I chose a career whose foundation is jealousy and rejection. As an actor, if you are any good, your peers will envy you, be jealous of your successes, and very often those feelings are manifest in dislike or even hate. No one admits to feeling jealous. I was a talented actor, had a beautiful singing voice, was pretty, and moved very well and with grace. I suffered my share of rejections, but usually when I really wanted a job I got it. I was very blessed. My peers were jealous of me. But I was used to being hated for my gifts. My mother was jealous of me all my life.
But it never occurred to me that my mother was jealous, especially when I was a kid. What did I have that she could possibly be jealous of? I just thought she hated me. And that made for a very contentious and complex relationship-one that was very unsatisfying for me. I don’t know what it was like for my mother, but I cannot imagine that it did anything but damage her even more than she already was, and her relationship with me couldn’t have been fun for her either. It was actually my best friend who, in our early twenties, suggested that my mother didn’t hate me but was jealous of me. I had to think about the suggestion for a very long time before I was able to admit that jealousy could have been at the root of the problems between my mother and me. But I remained perplexed. What did I have that anyone could have been jealous of?

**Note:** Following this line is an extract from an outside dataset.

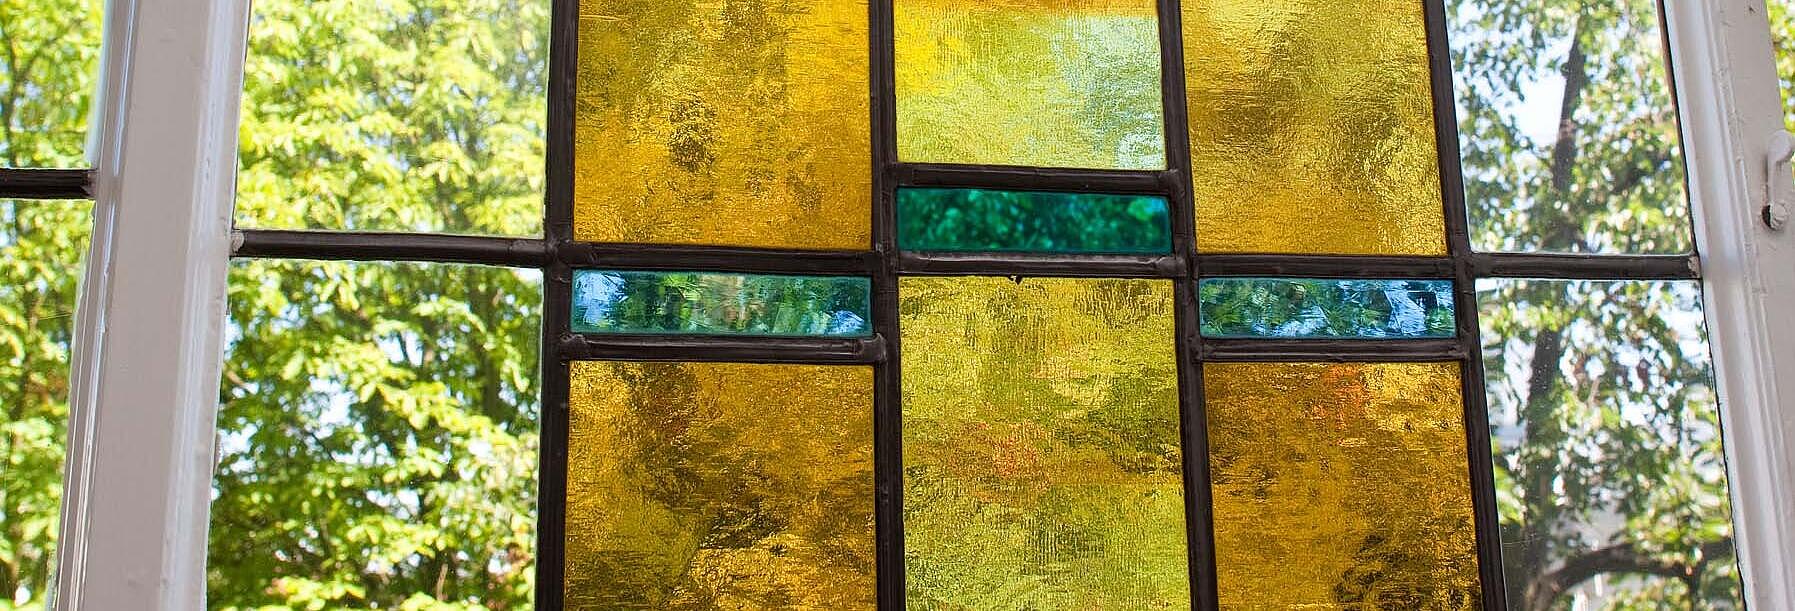 Bild zeigt eine Nahaufnahme eines mit buntem Glas verziertes Bleiglasfenster aus dem späten 19. Jahrhundert. In der Mitte zeigt eine Malerei eine zieselierte Empore, in dessen Blumenkübel unterschiedliche Blüten sichtbar sind.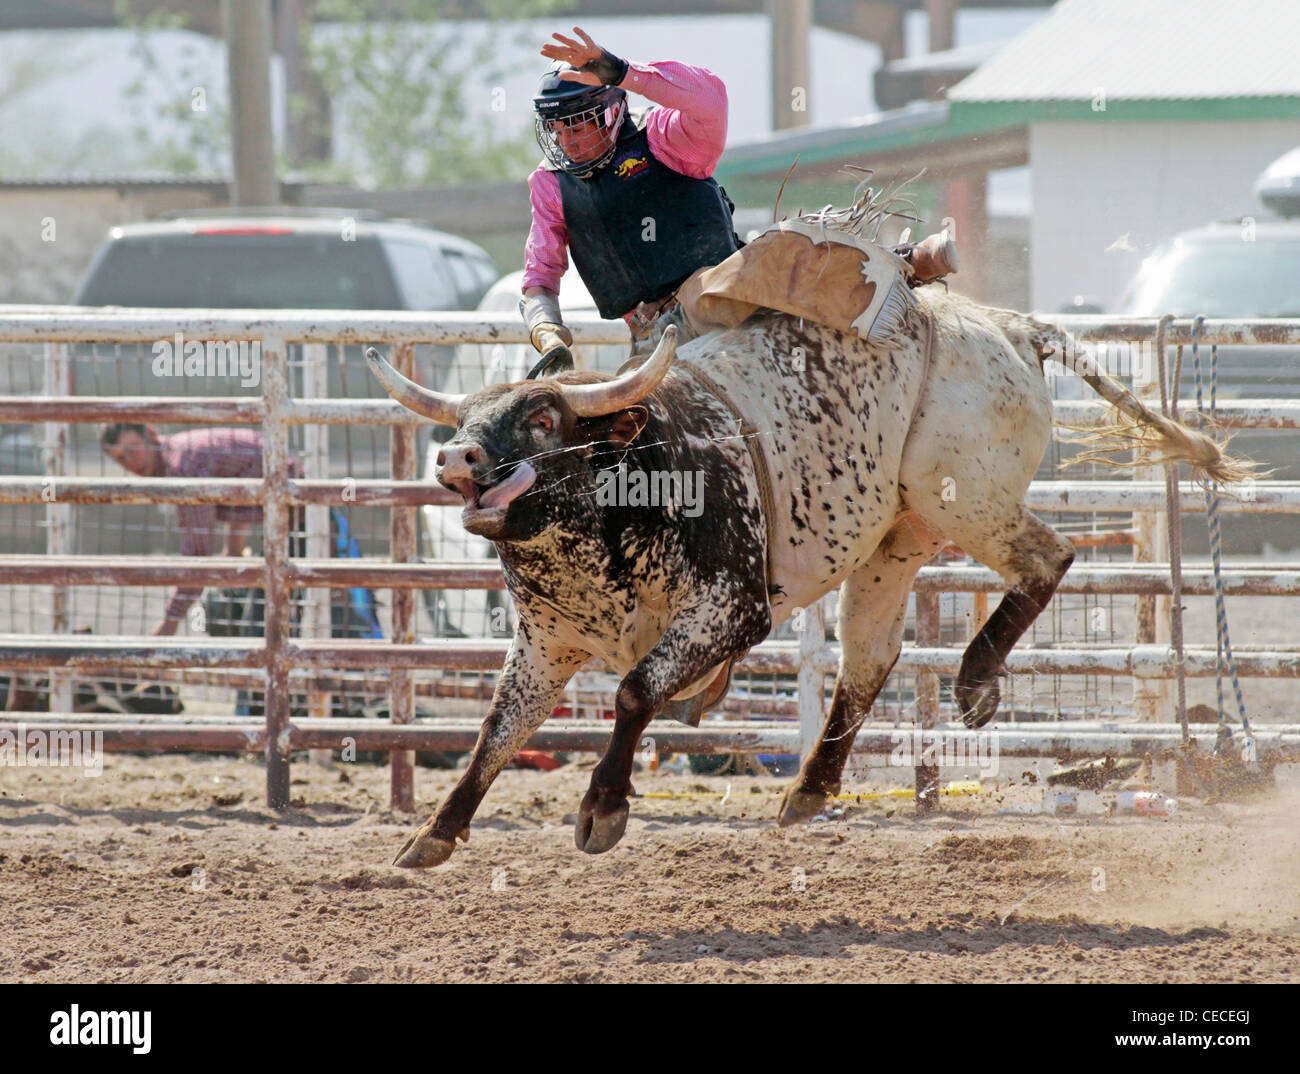 Socorro, Nuovo Messico, Stati Uniti d'America. Concorrente prendendo parte al toro di equitazione concorrenza durante il rodeo annuale. Foto Stock

That is not to say that I never felt jealous feelings towards anyone. I did. But never envy. I never wanted anything that someone else had, but I could feel jealous of their success. I never coveted. Well, that’s not entirely true. When I was very young I coveted my mother’s breasts. I suppose that’s normal and that Freud would have something to say about it. But I never wanted her life. I never wanted to be married or have children or do any of the things associated with the idea of “conventional normalcy”. I just wanted to be a working actor. At least that’s what I thought. But that’s another story.
Jealousy eats at your soul and can devour your humanity. It may not even affect the object of your jealousy at all. The only jealousy directed towards me that actually had an impact on me was that of my mother. The rest of it went largely unnoticed by me as it never occurred to me that anyone had any reason to be jealous of me. I never thought I was anything special, as much as others told me I was. But that’s another story too. As for jealousy-it is a green-eyed monster. And the monster is us.